所述蛋白裂解液中:SDS的浓度为0.08-0.12g/100ml,TritonX-100的浓度为0.8-1.2g/100ml,金属离子螯合剂的浓度为1-3mmol/L,可溶性盐的浓度为140-160mmol/L,蛋白酶抑制剂的体积百分含量为0.5%-1.5%,还原剂的浓度为0.8-1.2mmol/L,缓冲盐的浓度为90-100mmol/L。

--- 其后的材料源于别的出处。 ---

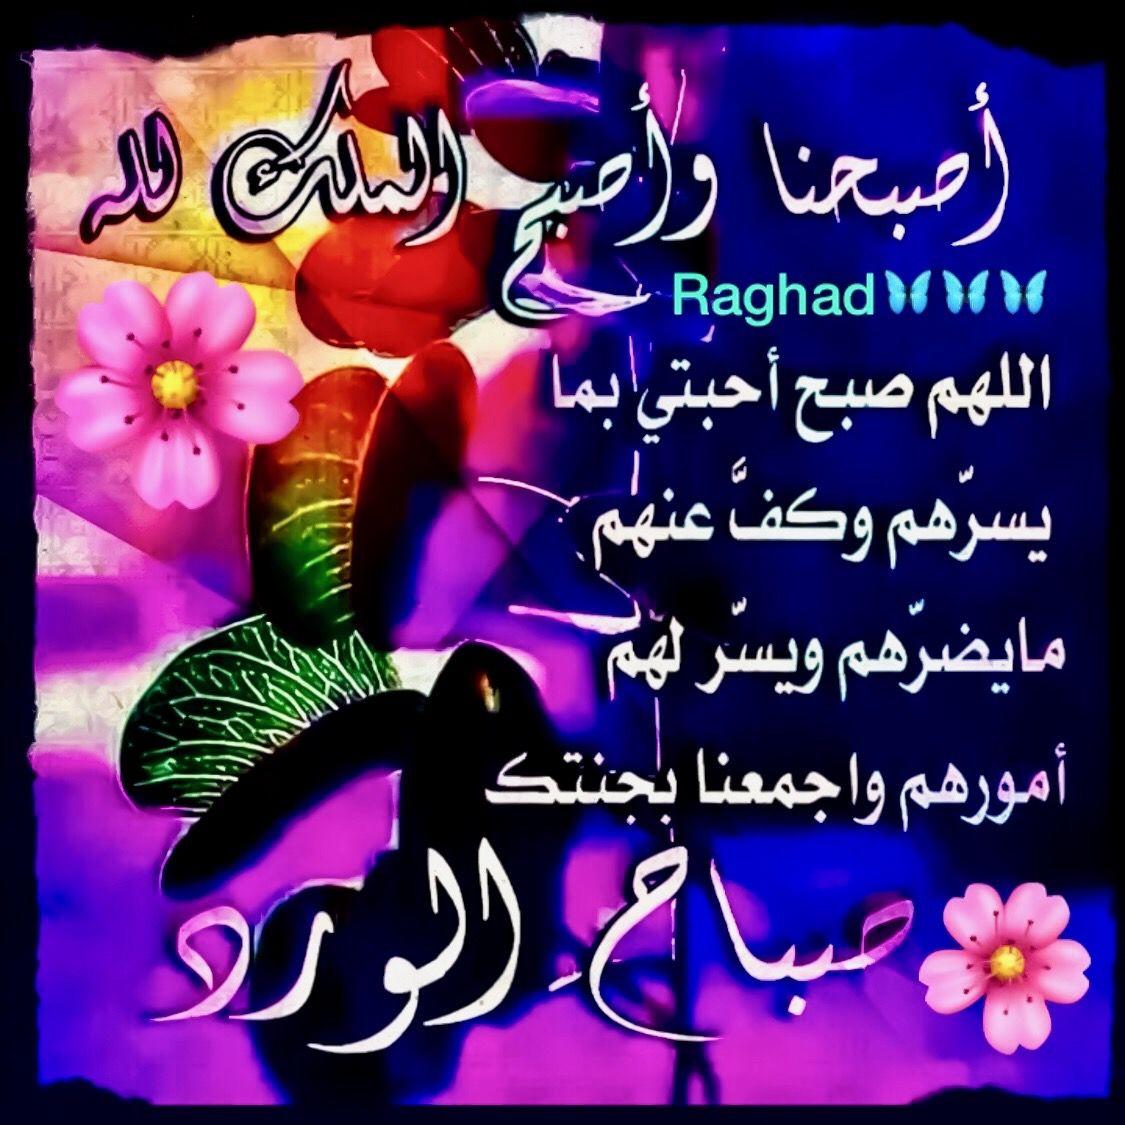 Desertrose هو الله الذي لا إله إلا هو عالم الغيب والشهادة هو الرحمن الرحيم هو الله ال Beautiful Morning Messages Good Morning Picture Good Morning Arabic

所述蛋白裂解液是采用如下方法制备得到的:1.875ml 4M NaCl水溶液、200μlEDTA(pH8.0、0.5M)、2.5ml Tris-HCl(pH7.5、2M)、1ml 5%(w/v)SDS水溶液、0.5g TritonX-100、50μl 1M DTT水溶液,加DEPC处理的水至50ml,使用前加入0.5ml商业蛋白酶抑制剂。
所述试剂盒还包括洗涤液1和洗涤液2;
洗涤液1含有如下组分:金属离子螯合剂、可溶性盐和质子溶剂;
洗涤液2含有如下组分:可溶性盐和质子溶剂。
所述洗涤液1中的所述金属离子螯合剂可为EDTA或EGTA。
所述洗涤液1中的所述可溶性盐为一价离子盐。具体的,所述可溶性盐可为氯化钠、醋酸钠、氯化钾或醋酸钾。
所述洗涤液1中的所述质子溶剂为水溶性醇类。具体的,所述质子溶剂可为乙醇或异丙醇。
所述洗涤液1还可包括缓冲盐。具体的,所述缓冲盐为Tris-HCl、Tricine、Bicine、HEPES或CHES。
所述洗涤液1中,余量为水。
所述洗涤液1中,余量为溶剂。
所述洗涤液1采用缓冲液作为溶剂。所述缓冲液可为碱性缓冲液。具体的,所述缓冲液为Tris-HCl缓冲液、Tricine缓冲液、Bicine缓冲液、HEPES缓冲液或CHES缓冲液。缓冲液的pH范围为7.5-9.0。
所述洗涤液1含有如下组分:金属离子螯合剂、可溶性盐、质子溶剂和缓冲盐。
所述洗涤液1中:金属离子螯合剂的浓度为0.05-2mmol/L,可溶性盐的浓度为1mmol/L-20mmol/L,质子溶剂的体积百分含量为75%-95%,缓冲盐的浓度为1-10mmol/L。
所述洗涤液1中:金属离子螯合剂的浓度为0.05mmol/L-2mmol/L,可溶性盐的浓度为1mmol/L-20mmol/L,质子溶剂的浓度为75%(v/v)-95%(v/v),缓冲盐的浓度为1mmol/L-10mmol/L。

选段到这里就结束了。